How is the coronavirus shaping your view on office real estate?
T.F.: Just before COVID-19, I was looking for space in Los Angeles to do a huge office. We have a big office in Miami and an office in New York, [but] we haven’t been there since February. Nine months from now, do I take the whole building? I’m going to probably take half. This working-from-home thing, I would have told you it would have been impossible and we’ve had wild success with it. We launched two brands during COVID-19 successfully.
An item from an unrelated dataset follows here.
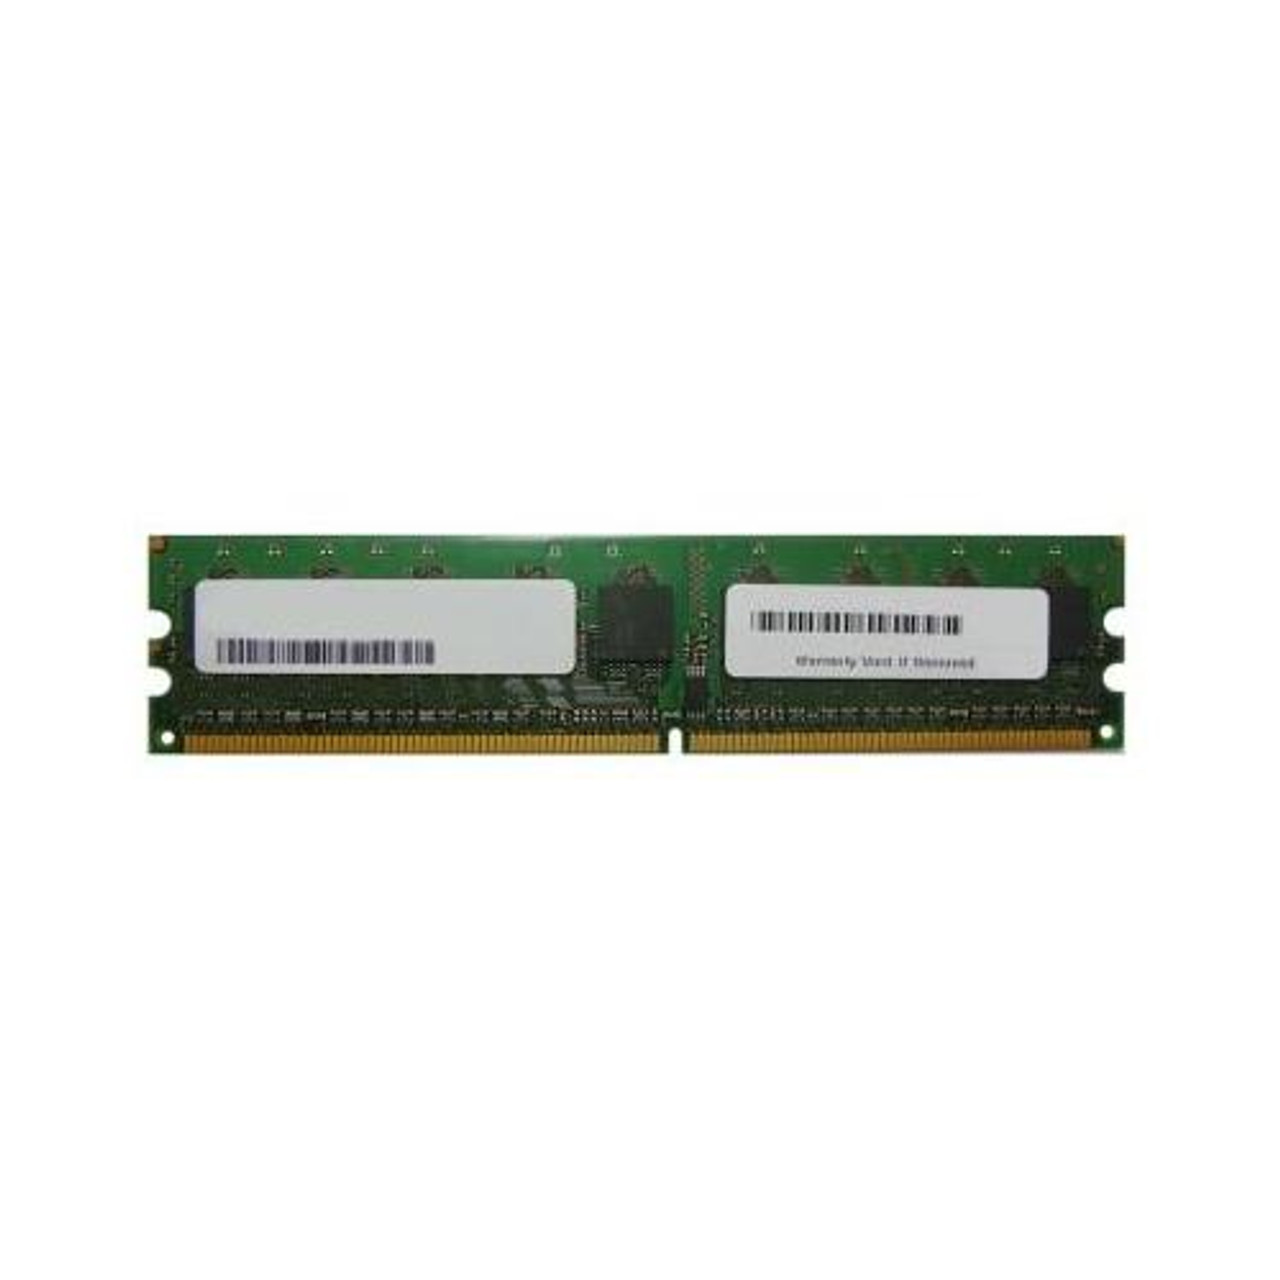 36M5790 IBM 2GB (2x1GB) DDR2 ECC PC2-5300 667Mhz

There’s a big savings we’re going to get in the future by letting people work from home, but on the flip side, you have to do things for people. You have to buy them their WiFi in the highest speed possible. It’s a hell of a lot cheaper to buy people’s WiFi than to have an office building.
What other trends is the pandemic catapulting?
T.F.: A big direction now is this whole sustainability and saving the planet thing. If I read the tea leaves of what’s going on in the world, people are going to have more respect for nature. People want to live a good life. You can look at an iPad of a beautiful place or you can go to Bora Bora.
What do you do to de-stress?
T.F.: I love nature, so I bought a farm a long time ago in South Florida. I went from Miami, 45 minutes south to Homestead. There’s animals and trees, ponds and lakes. It’s pretty amazing. Right now, I’m looking at avocado trees. It has made me get back to my roots of nature.